HMM: The End of Progressive Elitism? The Ivy League’s theory of legitimacy is under attack from two directions.

Gutmann wasn’t the president of just any university. She was the president of an Ivy League university, and that made all the difference. Her relationship with the Biden family is a perfect distillation of the immense influence of the Ivy League and its peer institutions—and it points to how that influence might come undone.

Armed with billion-dollar endowments, America’s most selective universities have in recent decades transformed themselves into “the makers of manners” for the nation’s mass affluent population. By mixing the children of the rich and powerful with the children of designated disadvantaged groups, they’ve given rise to a new progressive elite that holds enormous sway over the nation’s cultural and political life. Now, as Ivy-plus admissions practices come under intense scrutiny from left and right, this potent alchemy is at risk, opening the door for a new set of elite-making institutions. . . .

This in turn could create an opening for a different set of higher-education institutions committed to a different set of values—perhaps even a revival of the midcentury vision of elite institutions that would promote social mobility while instilling patriotism and a sense of civic obligation.

That, at least, seems to be the impetus behind a slew of new higher-education initiatives in red and purple states, where many voters, policy makers, and philanthropists are wary of Ivy League progressivism.
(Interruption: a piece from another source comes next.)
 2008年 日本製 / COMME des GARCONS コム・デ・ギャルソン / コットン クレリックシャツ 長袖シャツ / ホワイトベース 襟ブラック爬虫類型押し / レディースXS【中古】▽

The School of Civic and Economic Thought and Leadership at Arizona State University, a public research university that has seen surging enrollment in recent years, is pioneering an approach to civics that welcomes debate and encourages a deep understanding of the nation’s founding principles. In Tennessee, Governor Bill Lee is creating a similar institute, which aims to inculcate an “informed patriotism,” through the state university system.
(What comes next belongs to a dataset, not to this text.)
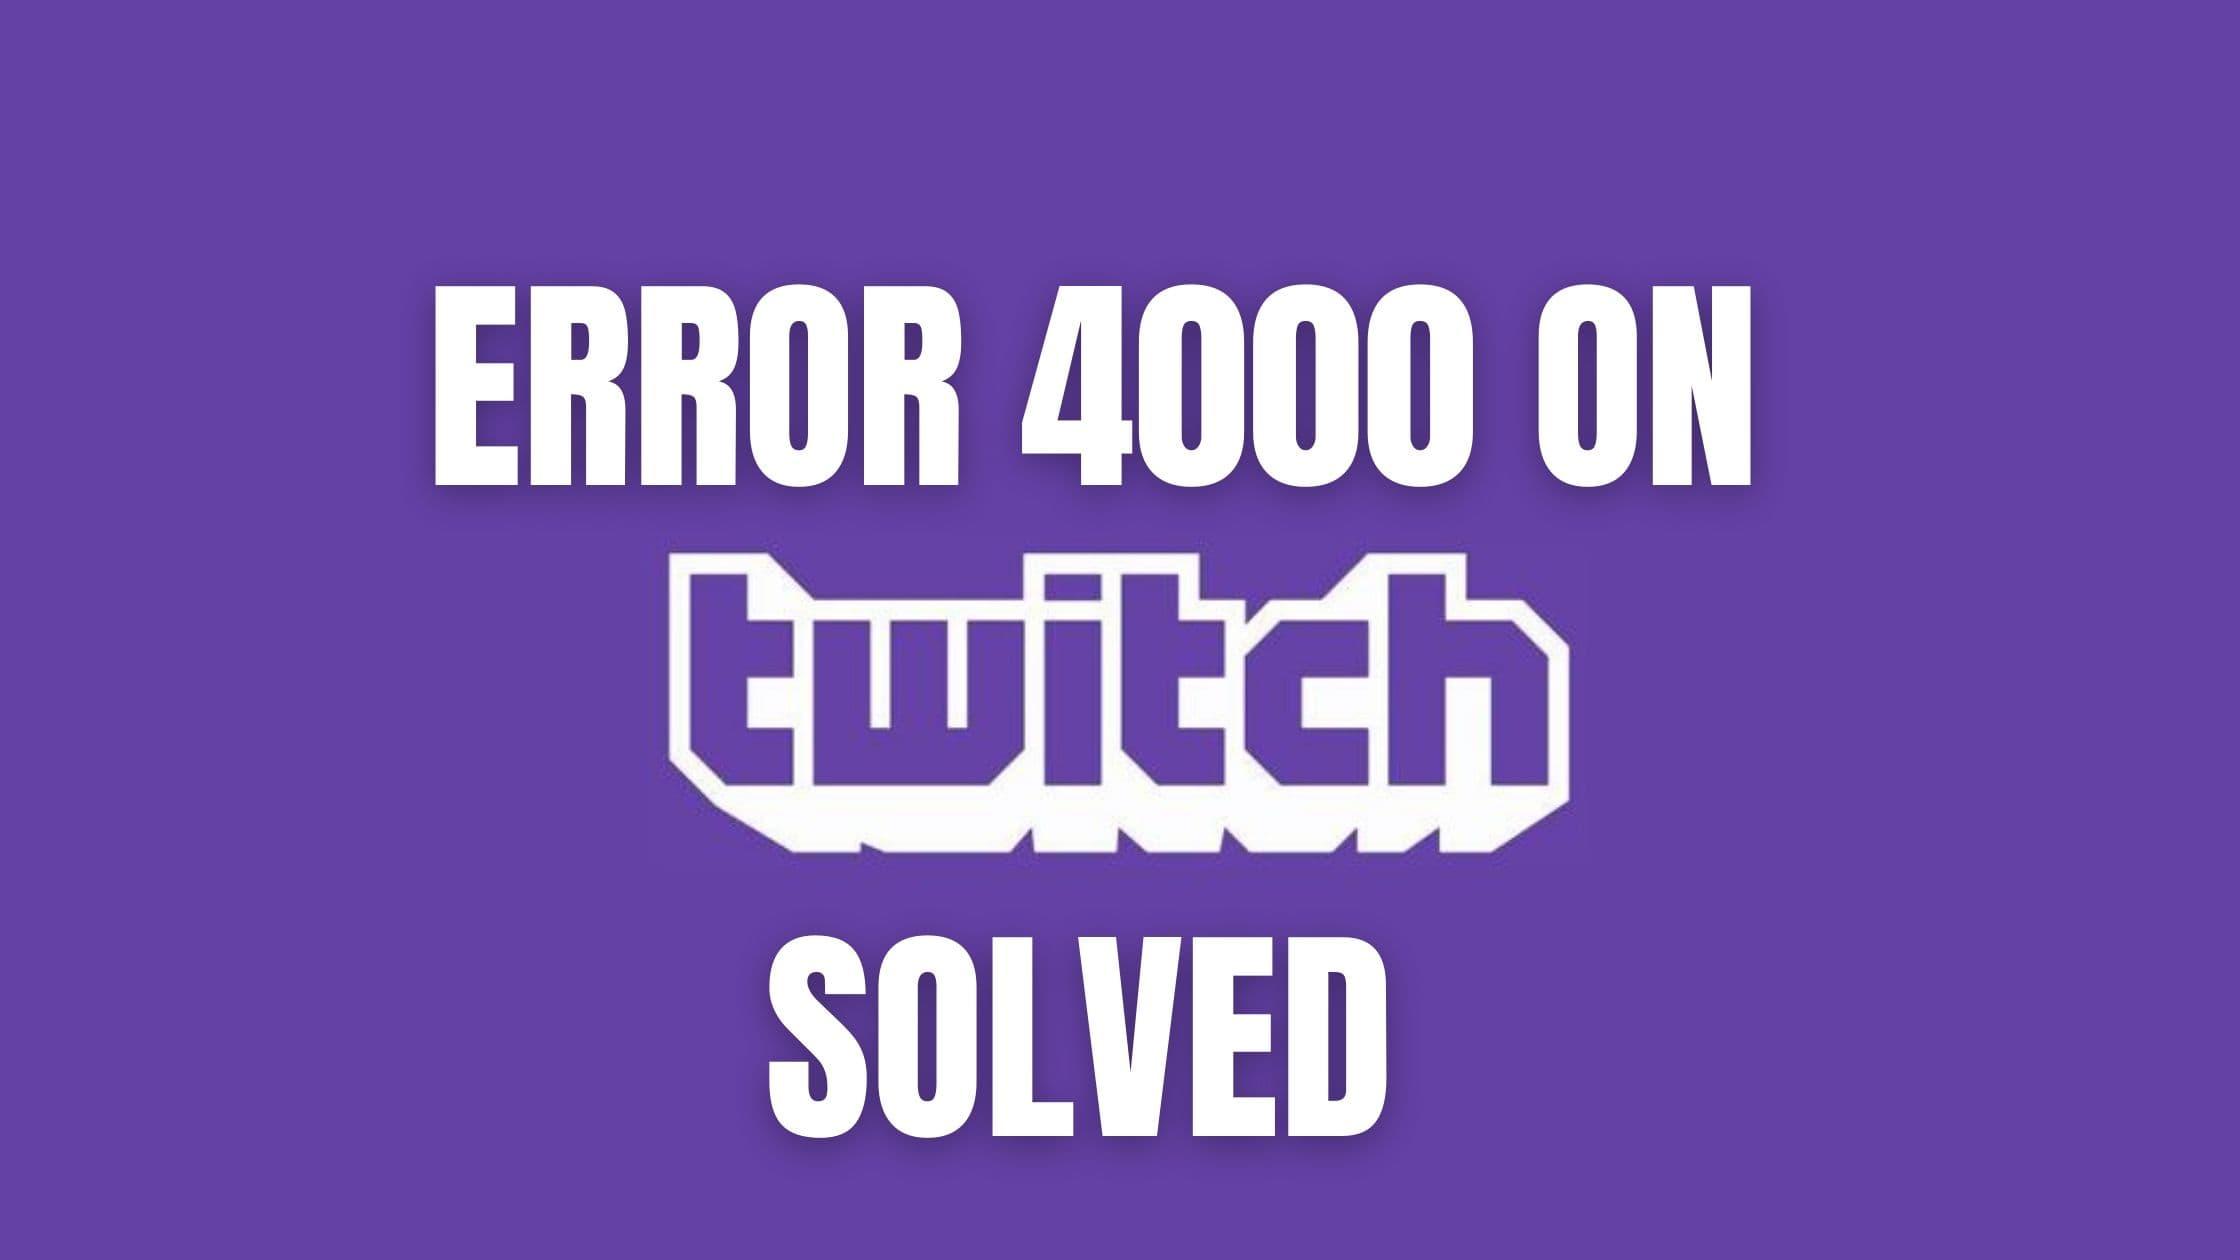 Twitch error 4000

And then there is the Hamilton Center for Classical and Civic Education at the University of Florida, a new initiative that is being led by Will Inboden, a distinguished scholar of international relations who most recently taught at the University of Texas at Austin. With more than 60,000 students at its Gainesville campus, UF is already one of the nation’s most respected public universities and, in light of the Sunshine State’s rapid economic and demographic expansion, it is well positioned for further growth. The Hamilton Center, aimed at fostering diversity of thought and improving the quality of civic education on campus and throughout the state, represents a bet on UF’s enormous potential. One possibility is that it will serve as the seedbed of a new liberal-arts college that would compete with the likes of Penn and Harvard, attracting bright and capable students from a wide range of social and ethnic backgrounds.

The Ivy League’s loss of cultural authority stems in part from its growing ridiculousness. “Luxury beliefs” have to be somewhat crazy to fill their role — if they were obviously true and practical, everyone would believe them and they wouldn’t be elite signifiers. But that’s an arms race of silliness that leads to further and further distance between elite institutions and the social mainstream.

Flashback:

It is worth inquiring into the nature of this madness. When I read that attack on Bari Weiss, what sprang to mind was Albert Camus’ play Caligula, a retelling of the well-known tale of the deranged third emperor of Rome. In the play, the initially benign ruler suffers an existential crisis. Realizing that he alone wields absolute power, he decides to follow the logic of that power to its ultimate conclusion. “It’s just because no one dares to follow up his ideas to the end that nothing is achieved,” he says. “All that’s needed is to be logical right through, at all costs.”

This logic leads Caligula to believe that he is beyond good and evil. Thus, he is free to choose evil. So he does; nothing, after all, can stop him. He initiates a reign of terror over his subjects, rapes the women of the nobility, randomly orders executions, declares himself a god, kills his wife, and in the end invites his own assassination.

Rereading Caligula while writing this piece, I was shocked by the extent to which Camus had anticipated the Woke phenomenon.

Indeed.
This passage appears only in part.